▶ **TASK REQUIREMENTS**
Give the listing again, word for word, and let no picture into it.

▶ **GIVEN MATERIAL**
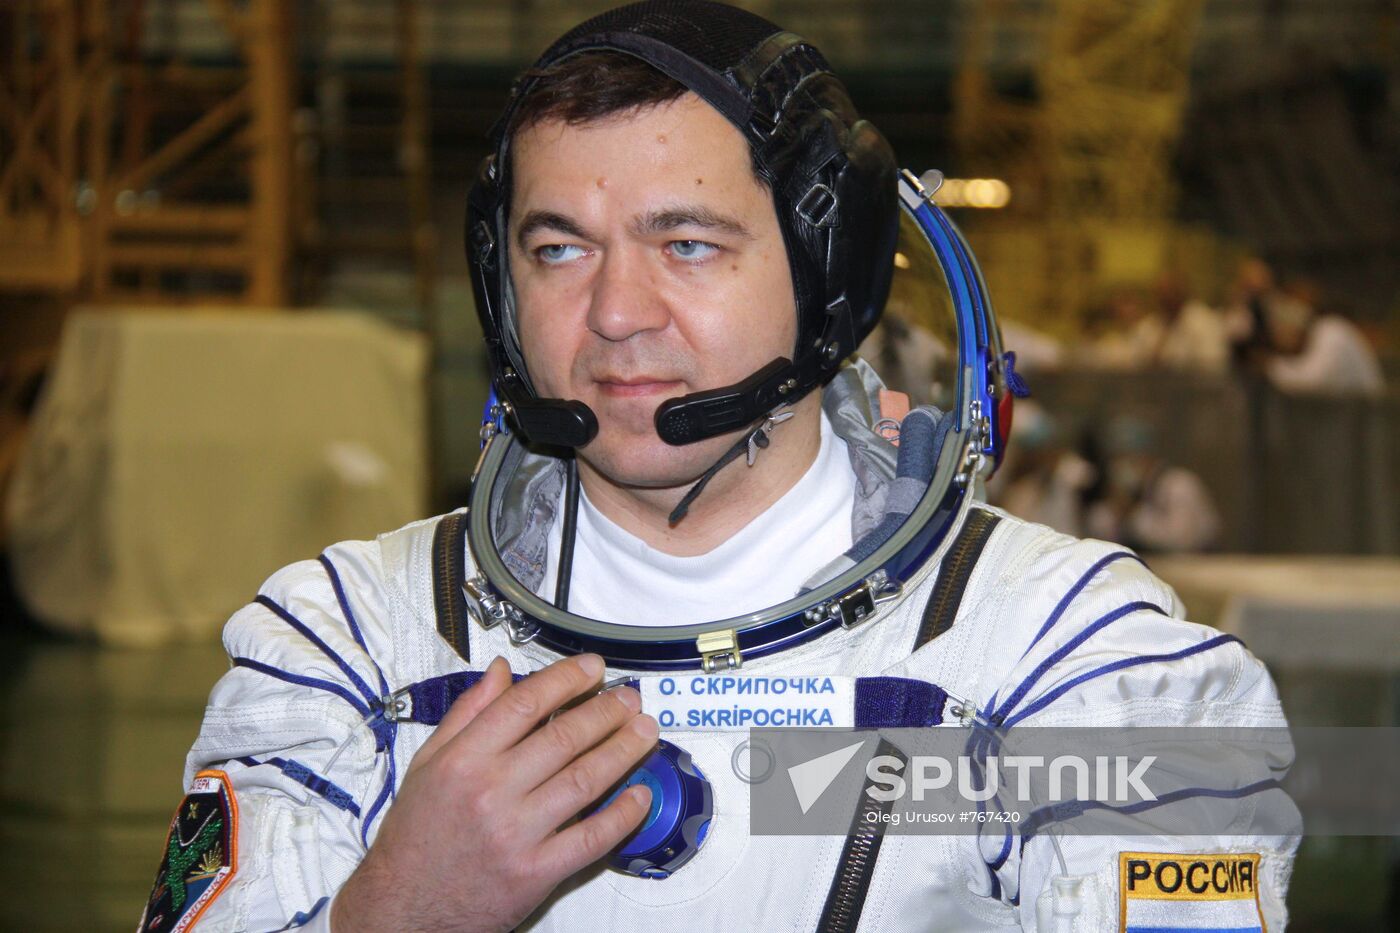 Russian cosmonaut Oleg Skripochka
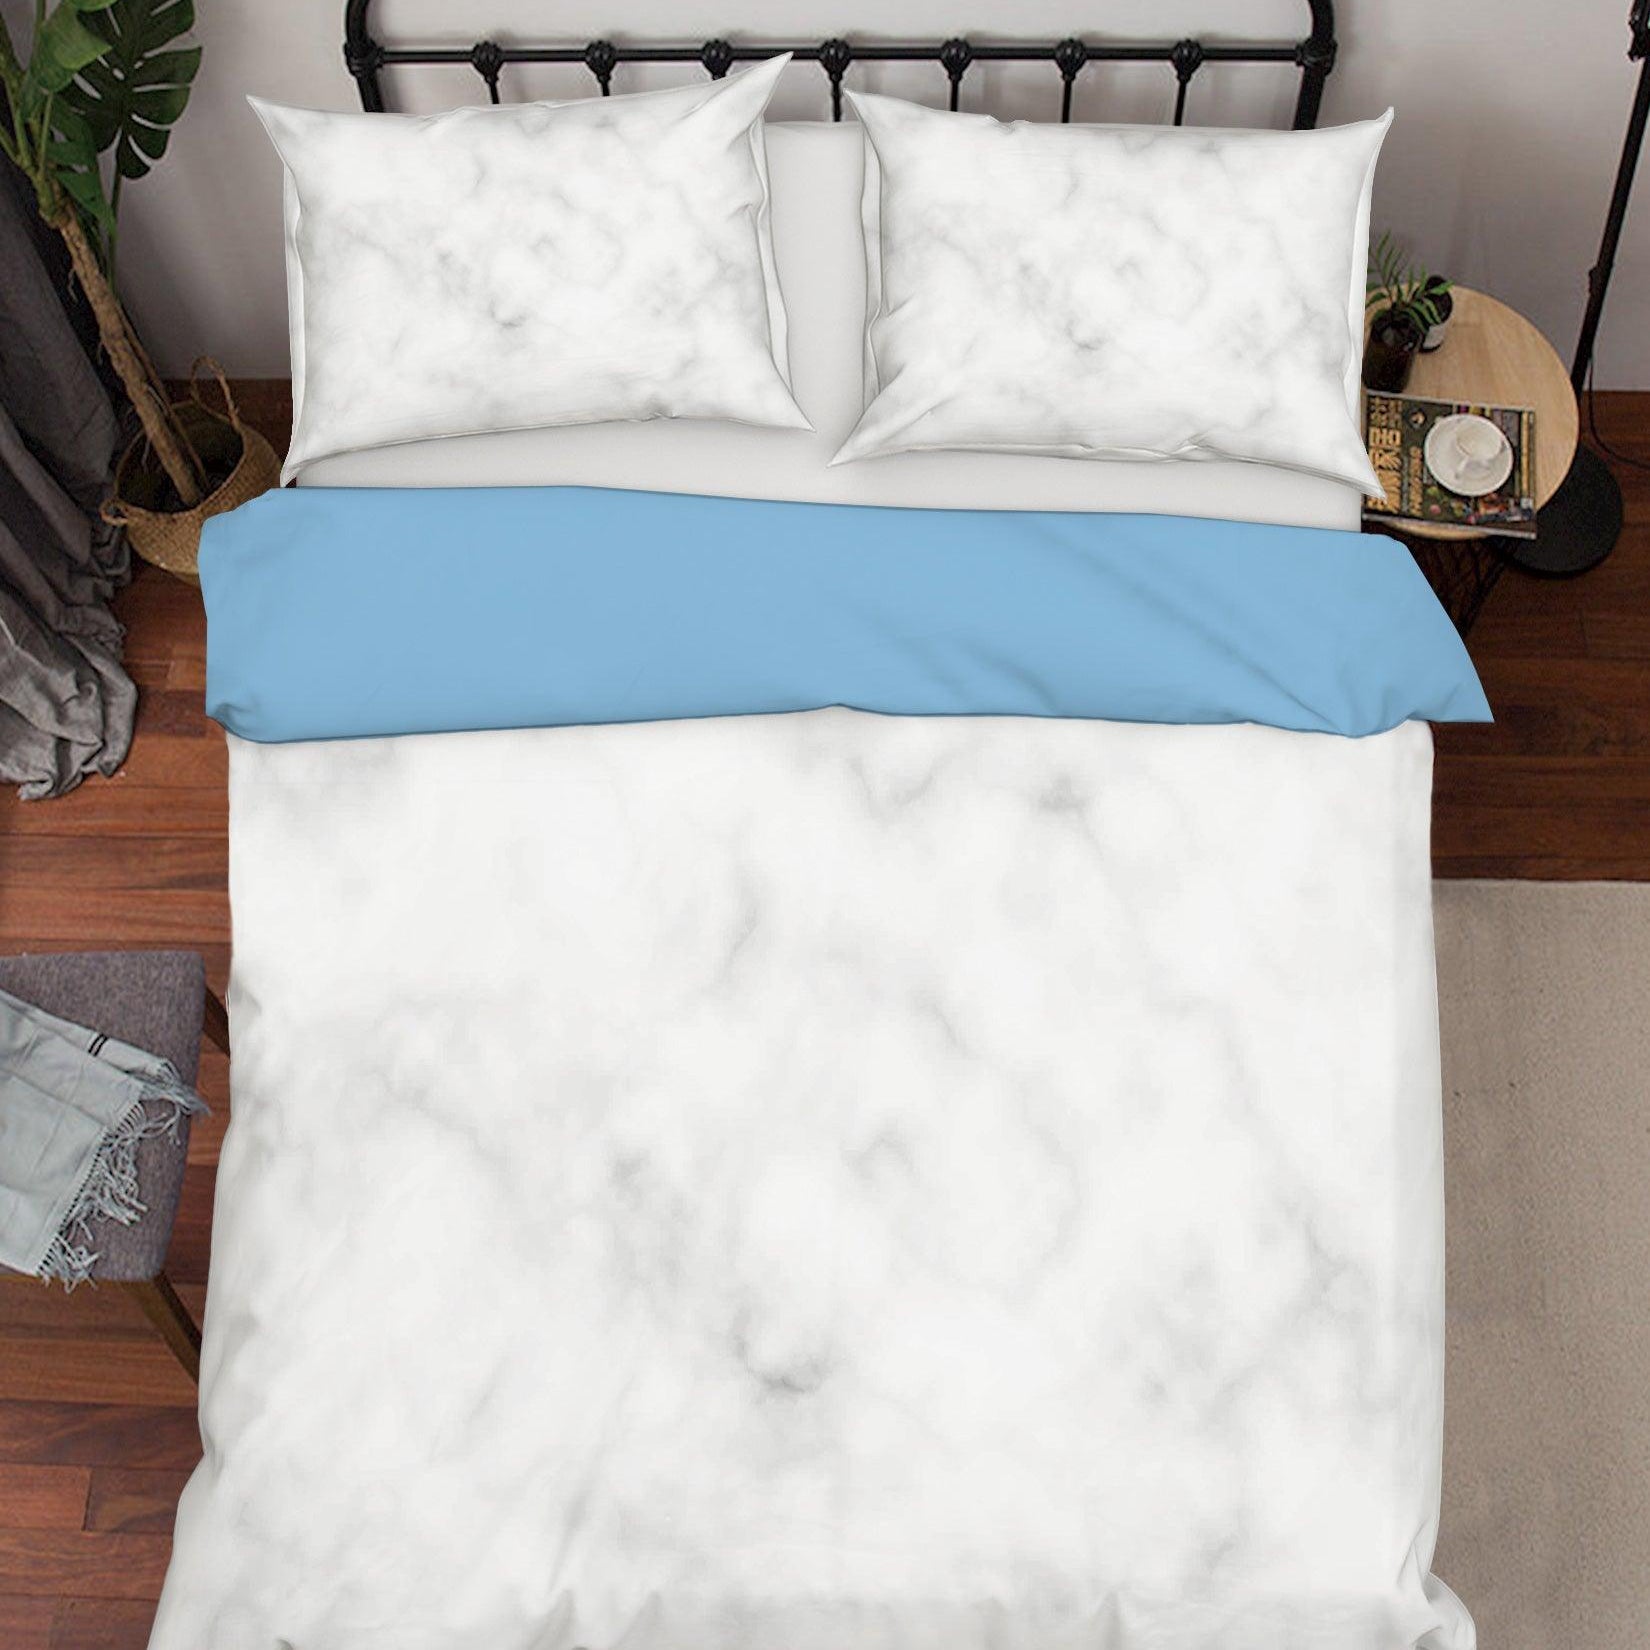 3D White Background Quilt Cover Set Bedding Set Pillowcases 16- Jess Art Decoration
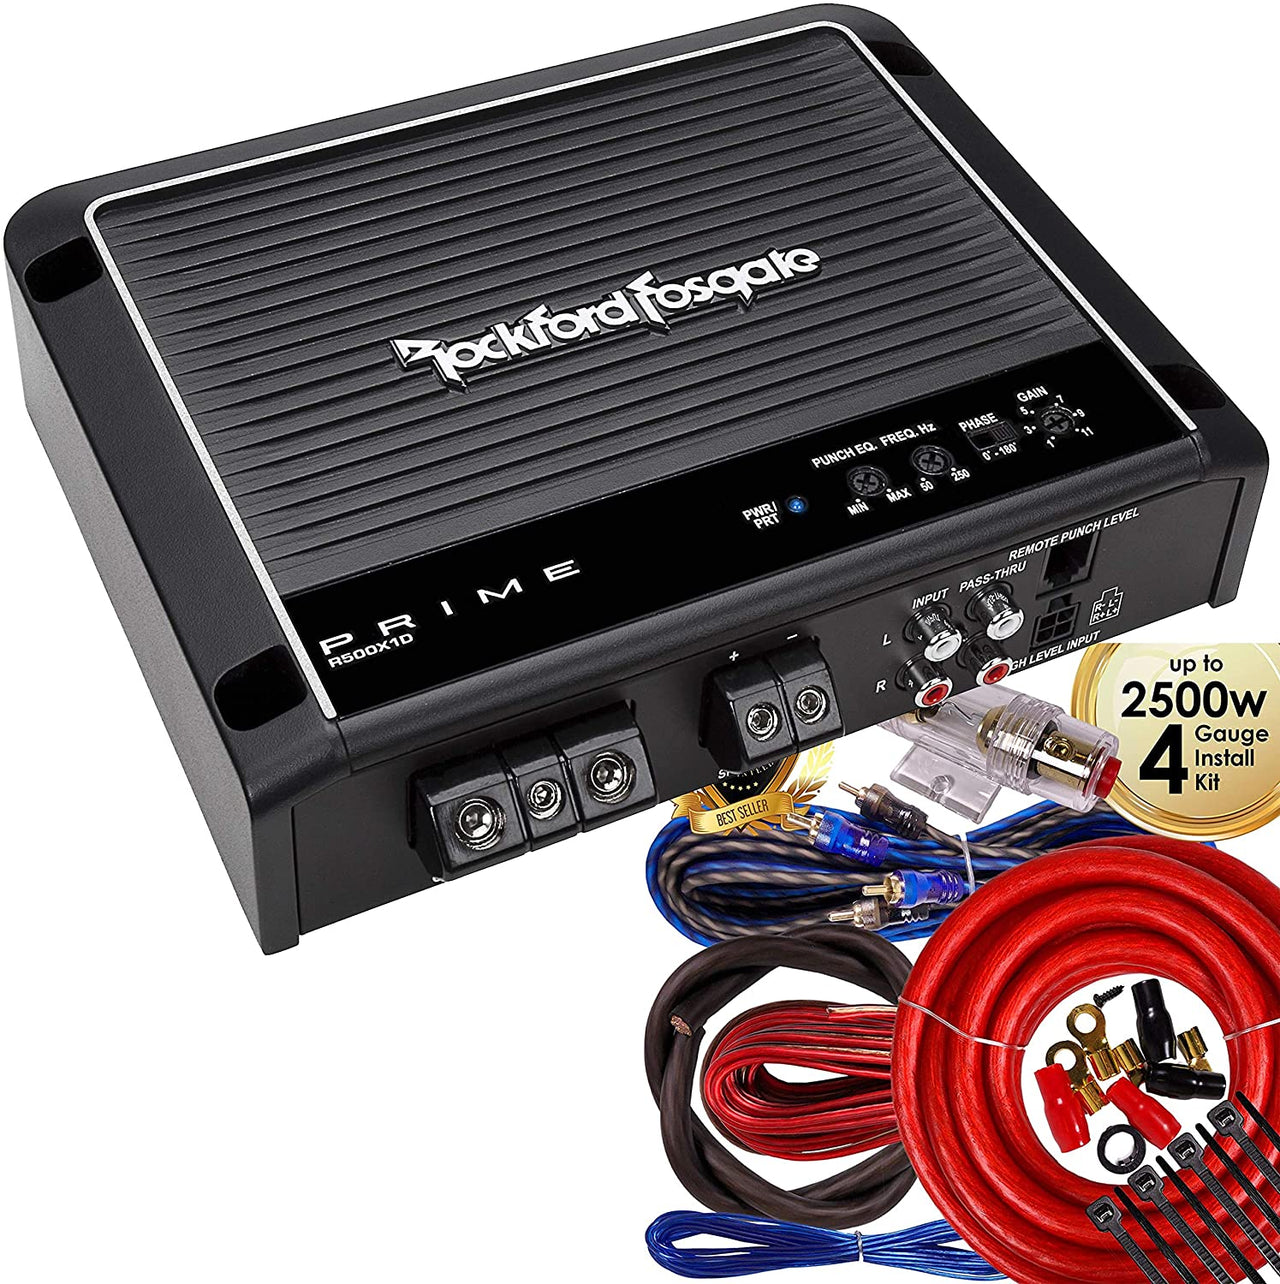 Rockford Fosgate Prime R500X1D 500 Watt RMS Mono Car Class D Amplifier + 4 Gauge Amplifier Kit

▶ **SOLUTION TO THE PROBLEM**
 Russian cosmonaut Oleg Skripochka
 3D White Background Quilt Cover Set Bedding Set Pillowcases 16- Jess Art Decoration
 Rockford Fosgate Prime R500X1D 500 Watt RMS Mono Car Class D Amplifier + 4 Gauge Amplifier Kit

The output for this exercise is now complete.